- What this task involves -
The entries below contain pictures, which are to be left out; write out exactly, and only, the lines from the line with "Der Besuch des" up to and including the line with "lime lush kancan flare jeans comparison".

- Data excerpts -
════

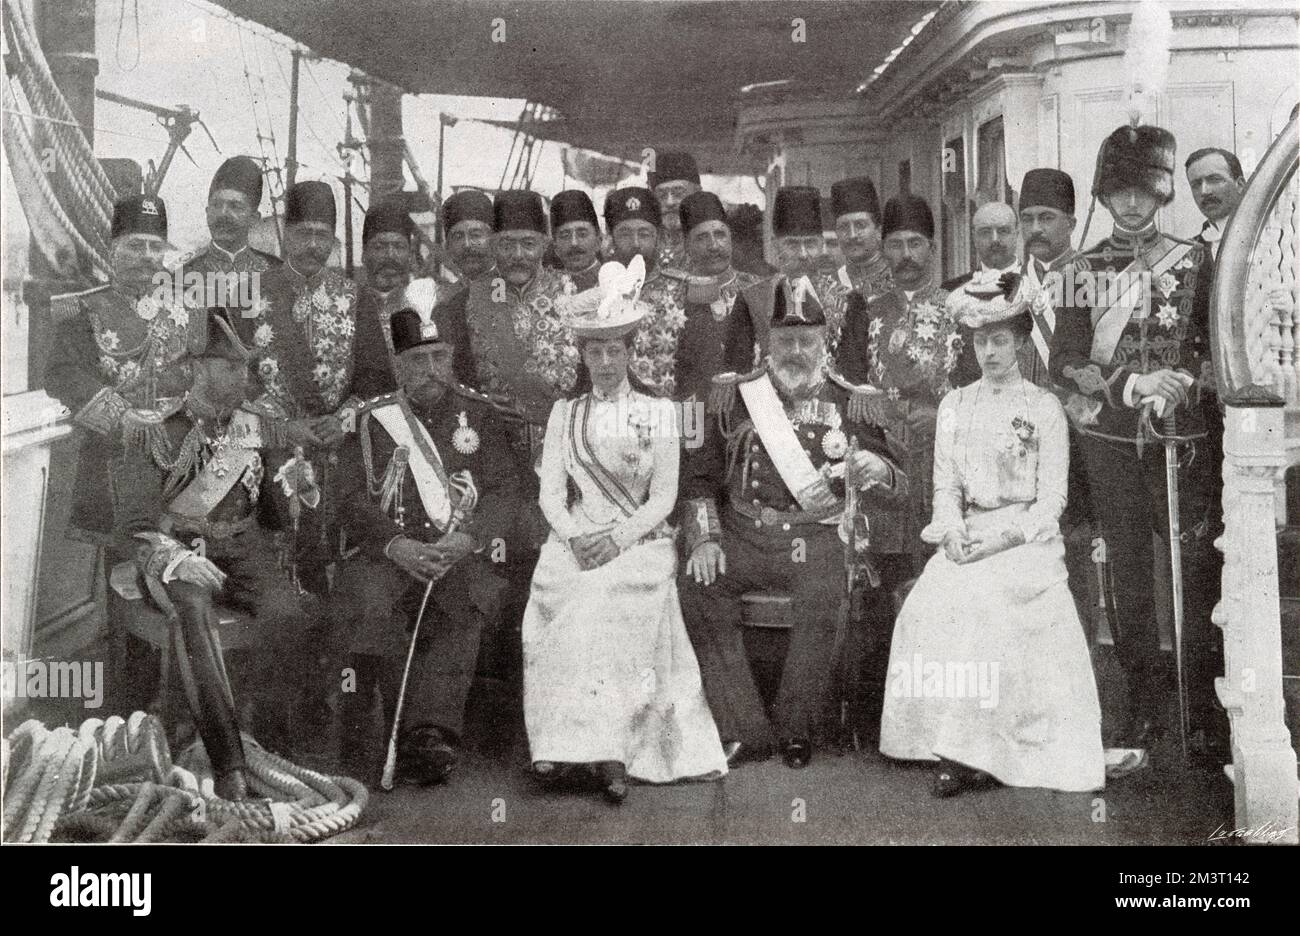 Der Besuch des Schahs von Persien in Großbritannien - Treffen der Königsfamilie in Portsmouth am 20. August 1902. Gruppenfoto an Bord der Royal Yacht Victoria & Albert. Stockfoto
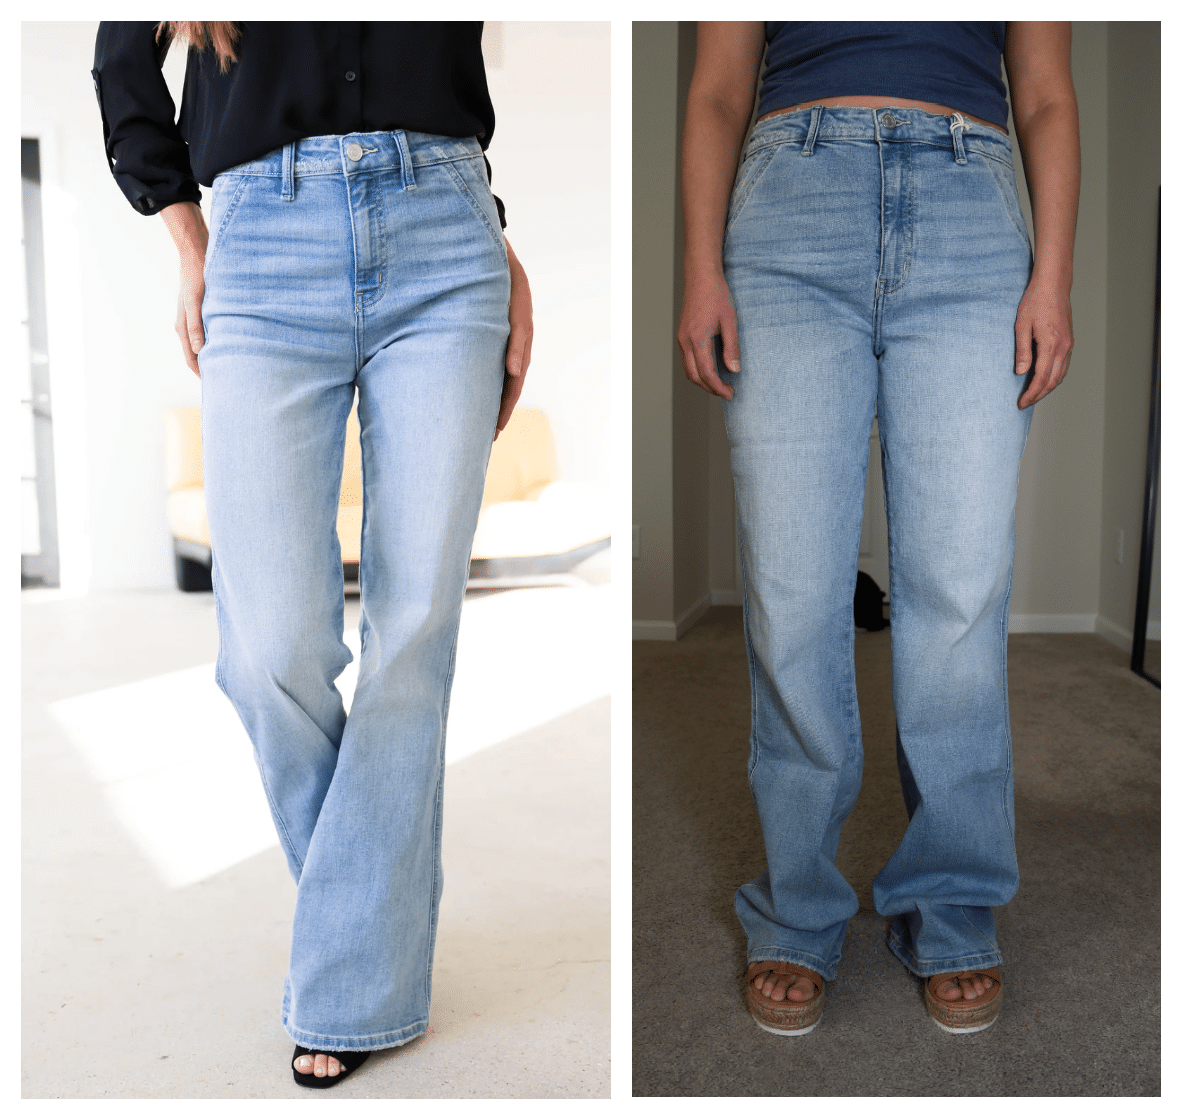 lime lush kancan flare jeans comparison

════

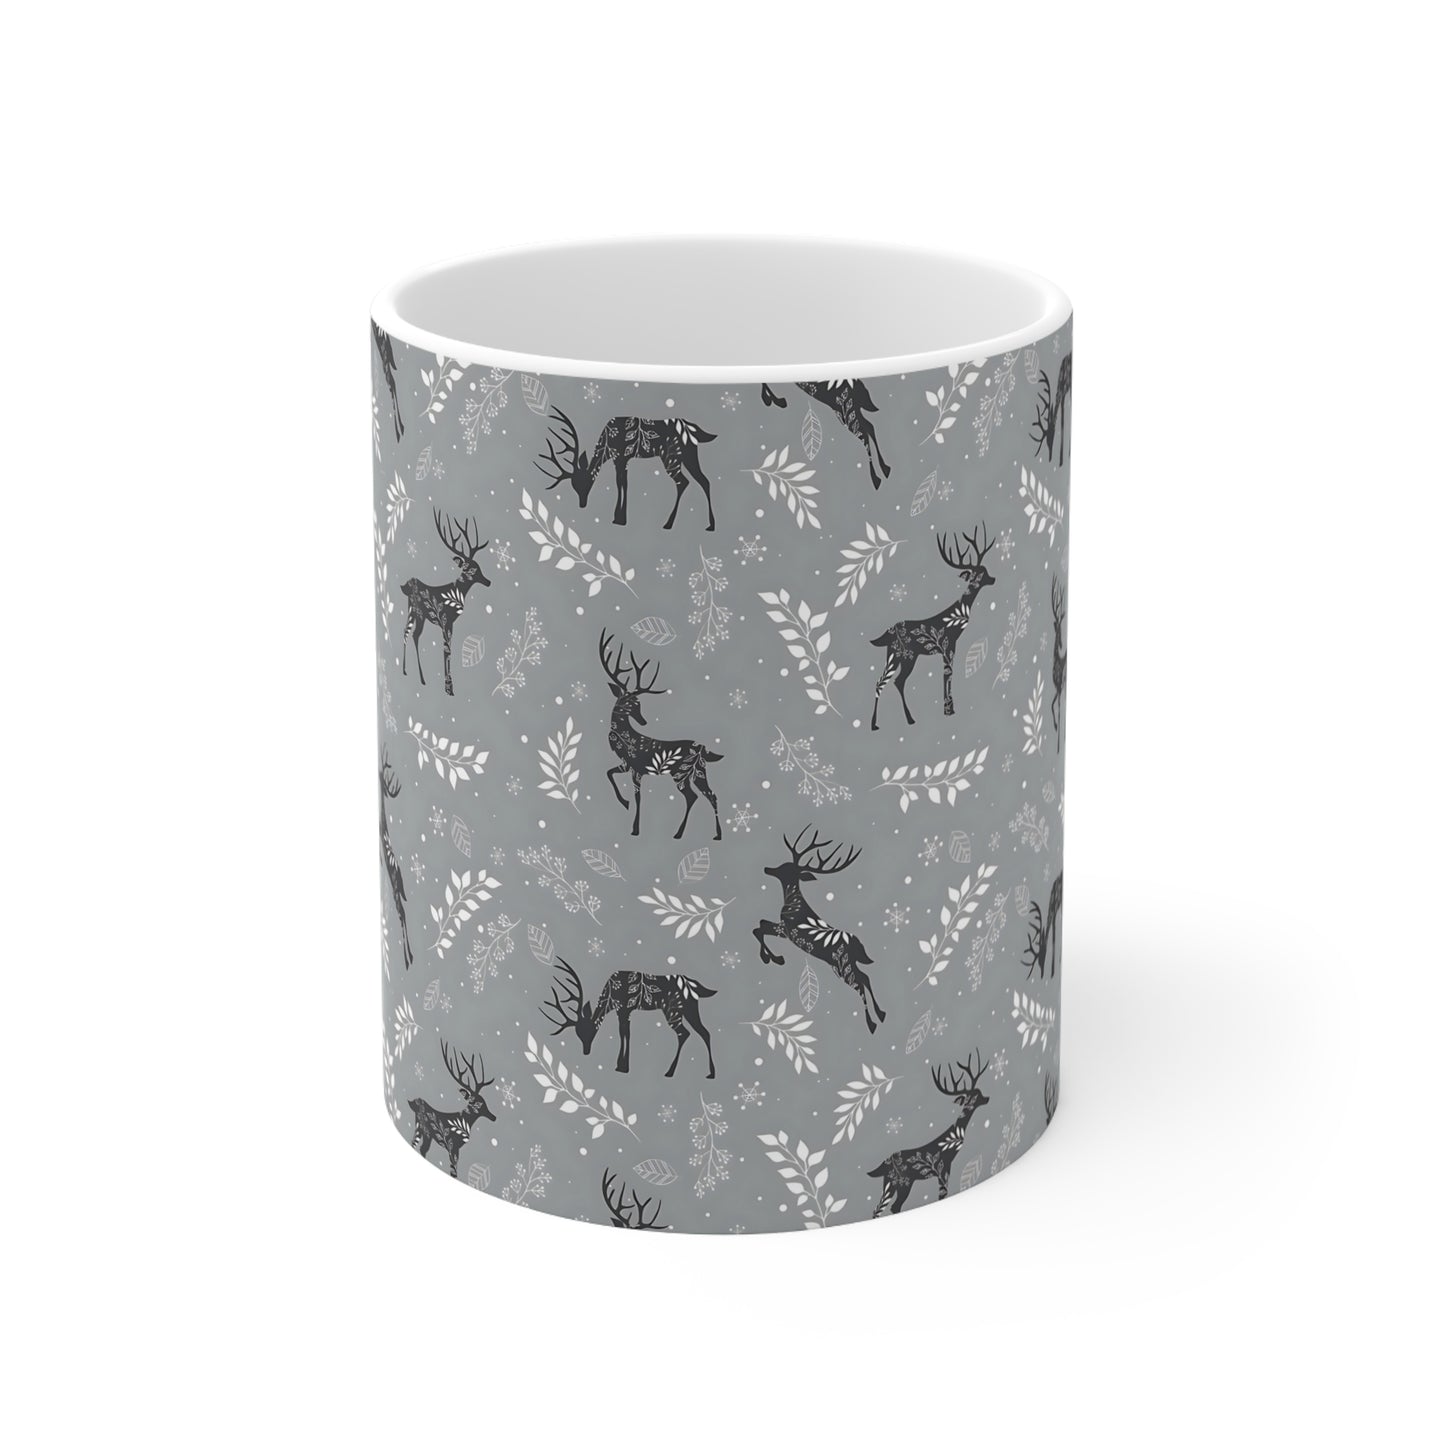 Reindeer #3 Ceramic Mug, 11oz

════

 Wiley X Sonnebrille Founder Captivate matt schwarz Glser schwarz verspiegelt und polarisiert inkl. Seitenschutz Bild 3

════

- Output below -
 Der Besuch des Schahs von Persien in Großbritannien - Treffen der Königsfamilie in Portsmouth am 20. August 1902. Gruppenfoto an Bord der Royal Yacht Victoria & Albert. Stockfoto
 lime lush kancan flare jeans comparison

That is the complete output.